Nearly every other summer I do the sacred work of transitioning my children from one hometown to another. I hear it all the time, “You do this so much you must get used to it.” Honestly, no. We never get used to this. As our bedsheet and pillows are folded into cardboard boxes, I guide my children to gather their treasured memories and tuck them away into the safest places of their hearts.
Uprooting and replanting is a tender job. Exposing the roots leaves one feeling vulnerable, standing in a time and place where you realize the great loss and simultaneously tremble without the nurturing soil of your future pressed safely around you. For us, it is a familiar song that replays in our minds. The song may soften after several repetitions, but the melody still aches with the weight of loss, tremendous loss.
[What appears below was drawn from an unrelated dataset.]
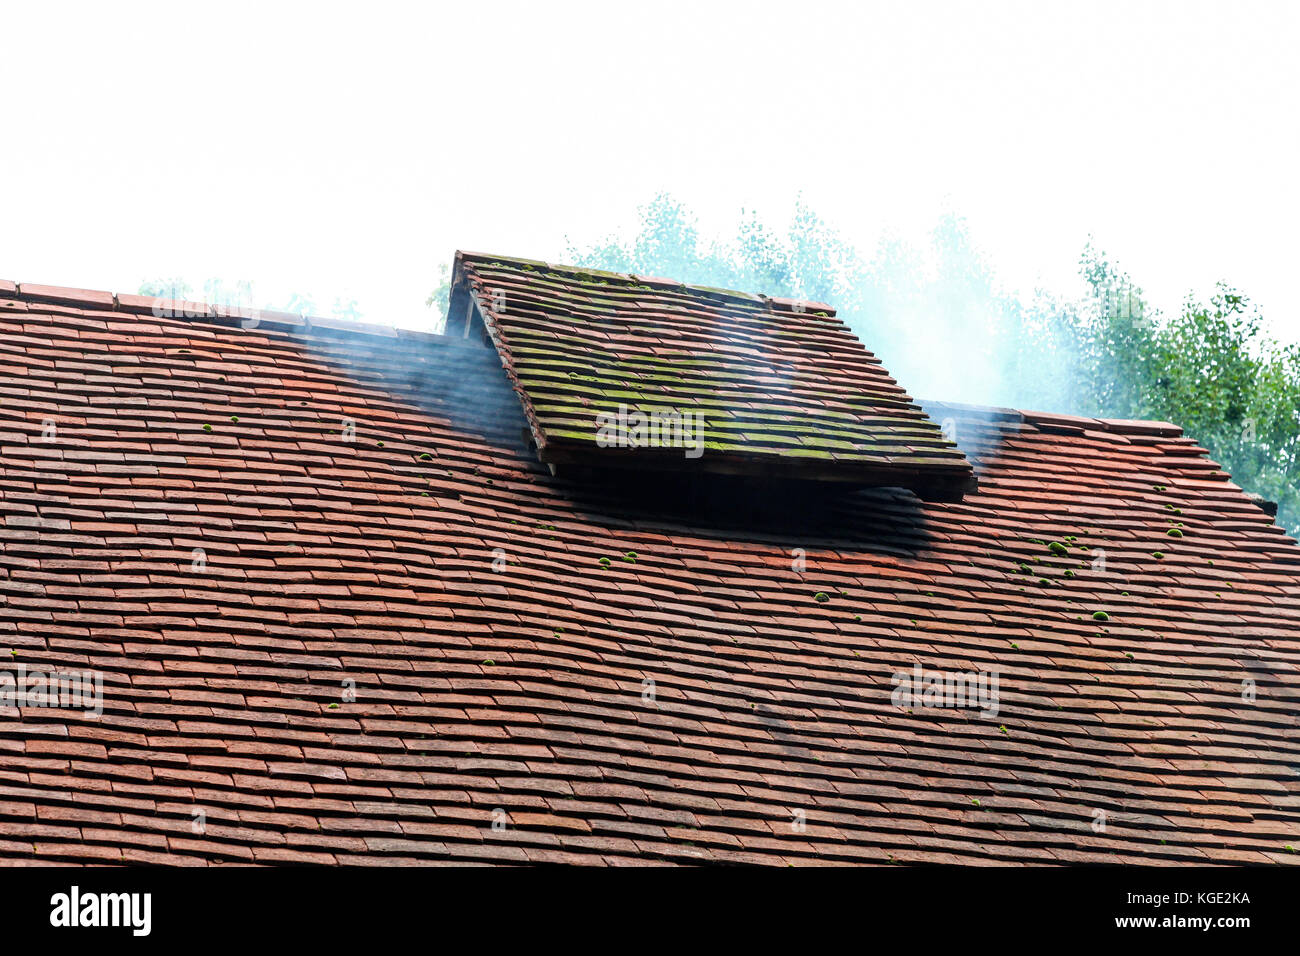 An old fashioned chimney on a roof of a timber framed house at the Avoncroft Museum of Buildings, Bromsgrove, Worcestershire, England, UK Stock Photo

On this side of heaven we can’t escape it. Loss is all around us. We will loose jobs and friends and homes and loved ones. The pain of loss will twist its way into our lives and mark us forever. But what if loss is really an invitation? What if God knew that our hearts would be crippled with loss, so he wrote in between each strained melody a sweet refrain that beckons us to come, to walk with our God Almighty. The God who brings calamity and brings happiness in their perfect time.
I think God does intermingle loss with an invitation. He wrote it into scripture when He told Abraham, “Go.” Leave your land, your home, your family, and take your wife and go to a land I will show you. The Hebrew word “go” is the same for “walk,” as in Enoch walked with God and Noah walked with God and Abraham would go on to walk with God.
Loss is an invitation to walk with God. To step-by-step walk with God through all the twisted pieces of your pain filled story. To cry with Him. Talk to Him. Process your loss with Him. And find the hope and grace from the One who redeems loss with an invitation of nearness to perfect love.